Should you choose to venture online - whether using a Virtual Pro or not - it's as robust as it was last year, although there's room for improvement. You still can't select your team's line-up and formation before being paired with another player, for example, which usually adds a couple of minutes' set-up to any encounter. With few people playing online before release, it's not possible to gauge how well new features like Virtual Pro integrate into Pro Club mode, sadly, and it's also important to note that EA doesn't have a spotless record fixing exploits, despite FIFA's vast popularity, although with any luck the improved core gameplay will prove less vulnerable to things like last year's Custom Tactics mischief. One good bit of news is that Be A Pro matches can now be set to have five human players rather than 10, so you can use an AI defence.
The third pillar of FIFA, if you like, behind Exhibition and online ranked matches, is Manager Mode, and FIFA 10 had promised to finally show it some love, although EA's ambition to achieve a base level of authenticity will have to wait at least another year. With my first 2009/10 season as Liverpool barely six games old, Manchester United were rooted to the bottom of the Premiership and I'd re-signed Xabi Alonso from Real Madrid in the same window Rafa Benitez sold him (I was perfectly happy with both scenarios, naturally, but it's not very realistic). Exotic, completely ridiculous signings (Fabregas to Fulham!) are less prevalent, and there's better menuing, but there's still a long road ahead for EA's designers.

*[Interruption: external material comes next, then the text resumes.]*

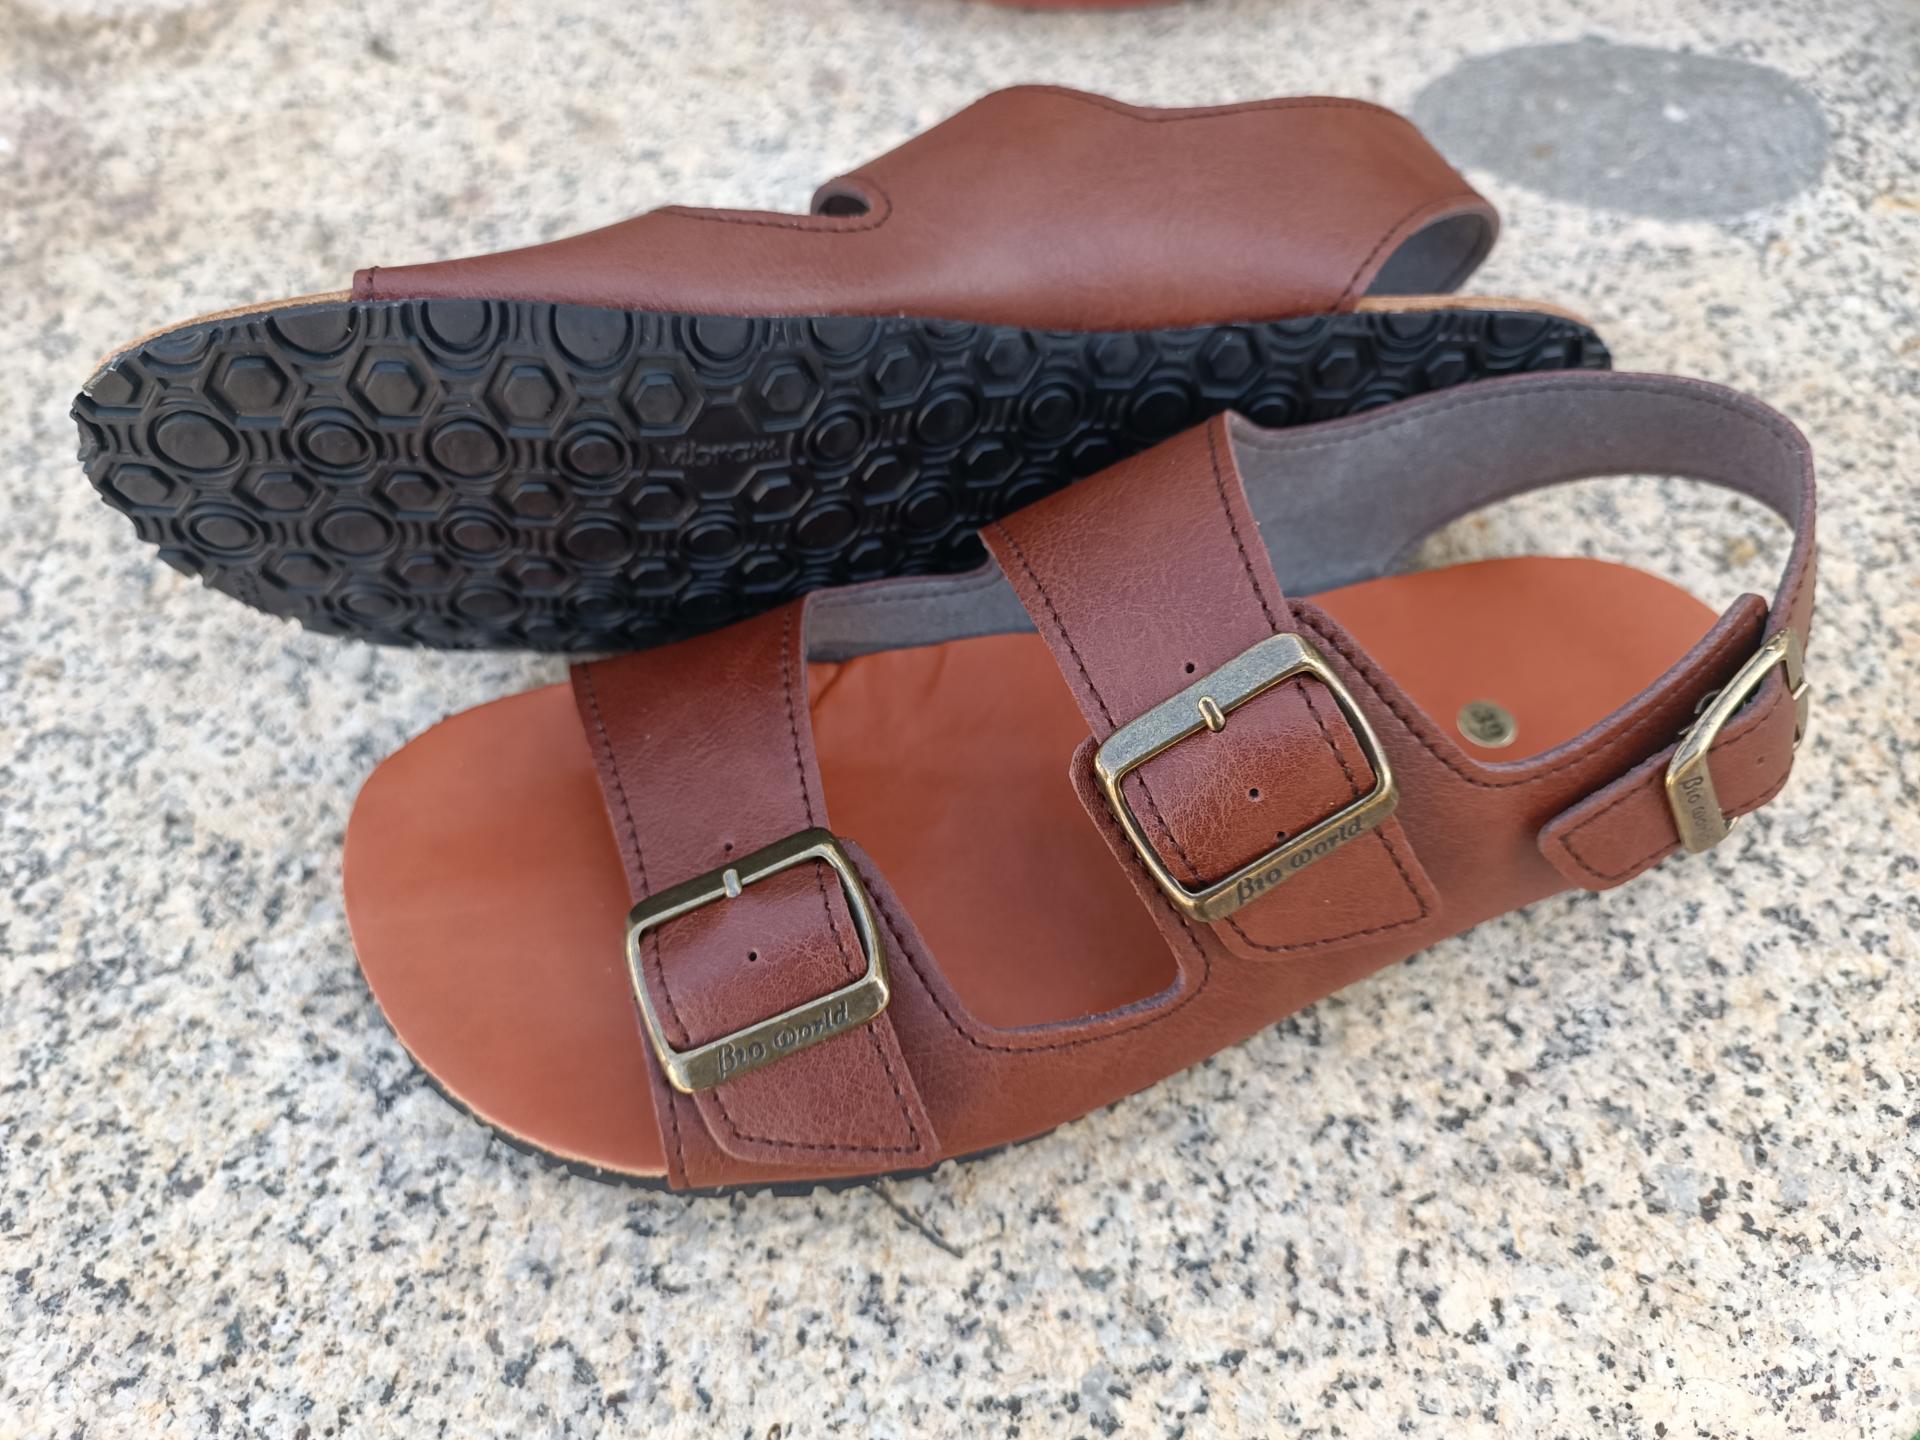 BAREFOOT CHAD marón, sandalias para mujer y hombre, calzado descalzo, sandalias veganas, eco-friendly, barefoot.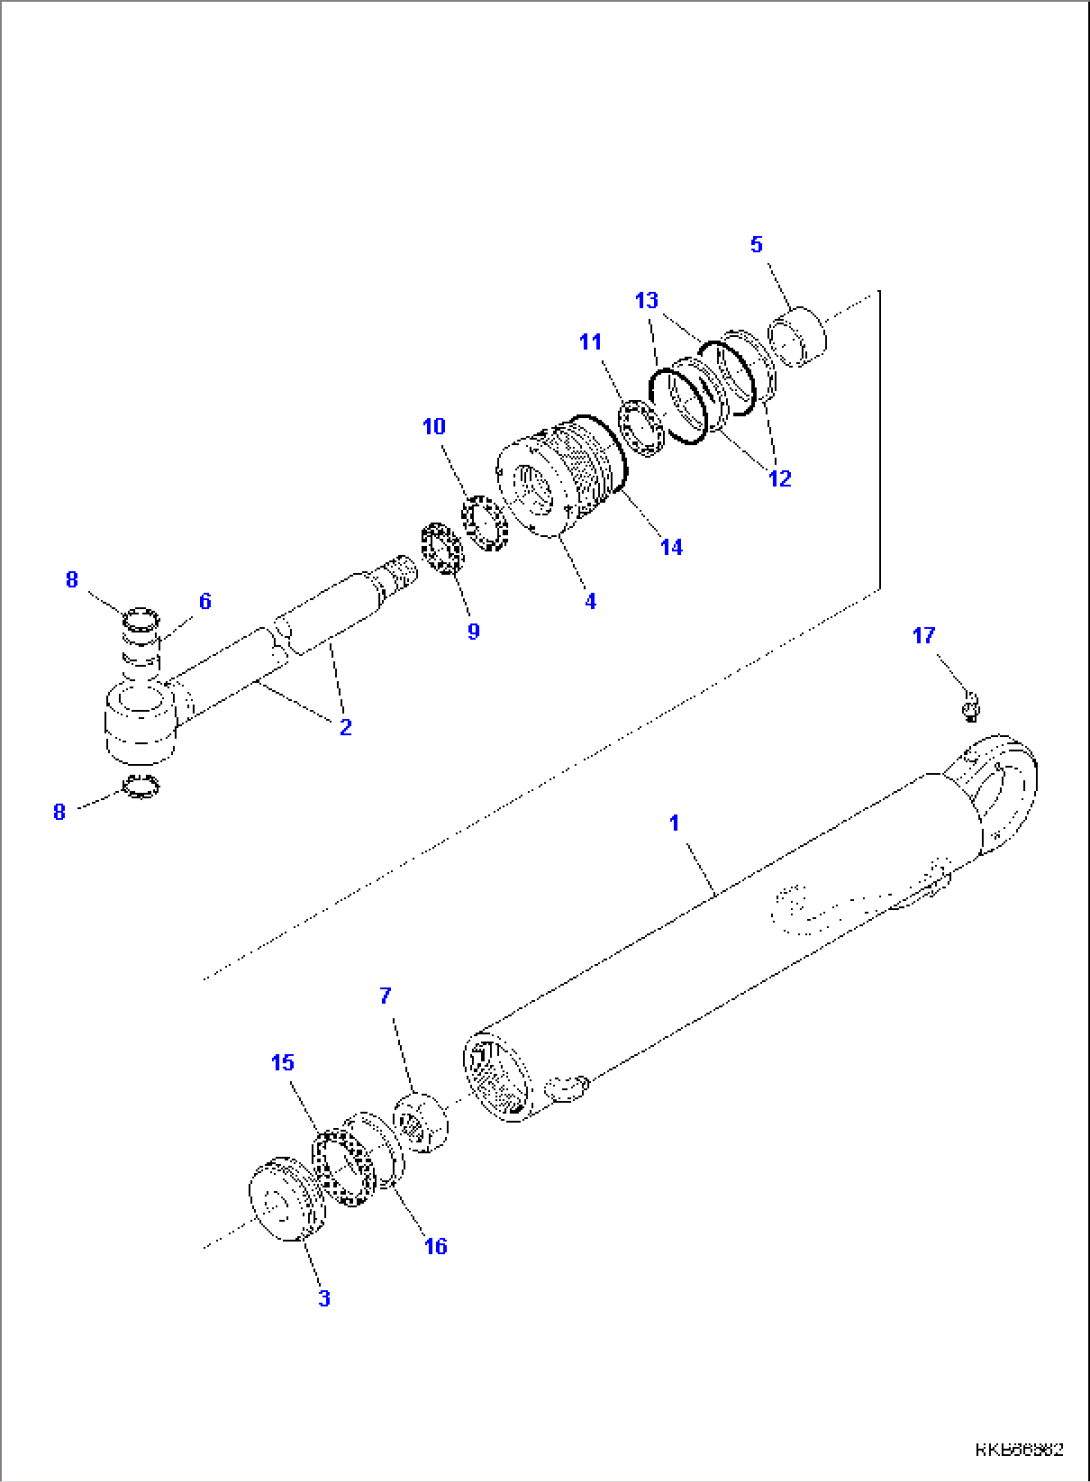 ARM CYLINDER (WITH SIDE DIGGIN BOOM) (2/2)

The Set-Piece Creator, accessible through the back-button menu in Arena, is also a bit of a work-in-progress. You select a section of the pitch near the opposing goal and can record elaborate routines involving multiple runners, but your plans are often upset by the fact you seldom earn a free-kick in the exact position you planned for. Moving even a few feet away can upset timings and positions, and while defensive players adapt, your colleagues generally don't.
What's more, AI-controlled teams are still a bit too risk-averse for my liking - you'll never get Rio Ferdinand trying to scoop the ball over a Manchester City striker in the last minute, even though recent form suggests he might try it once in a blue moon. And as with every football game ever, there are a few patterns starting to emerge (the ball hits the post less often, thank goodness, but chip shots which the keeper tips round the post are a prominent fixture), and legacy issues familiar to football game fans still linger, like buffered button-presses punting the ball away just when you really need to keep it.
There's more for EA Canada to do, in other words. There can always be a greater variety of outcomes to any given situation, control can always be tighter and more agile, with greater degrees of flexibility, and the holy grail of a believable football season using real clubs and players, with just the right level of unpredictability, is still a ways off. But, having convincingly overtaken its main rival last year, FIFA 10 nevertheless consolidates its lead with great authority. Last year, I said FIFA feels like football, rewards football, and punishes football for football reasons. The difference between FIFA 09 and FIFA 10 is that the latter knows exactly where the former fell short of that, and makes up the distance in almost every case.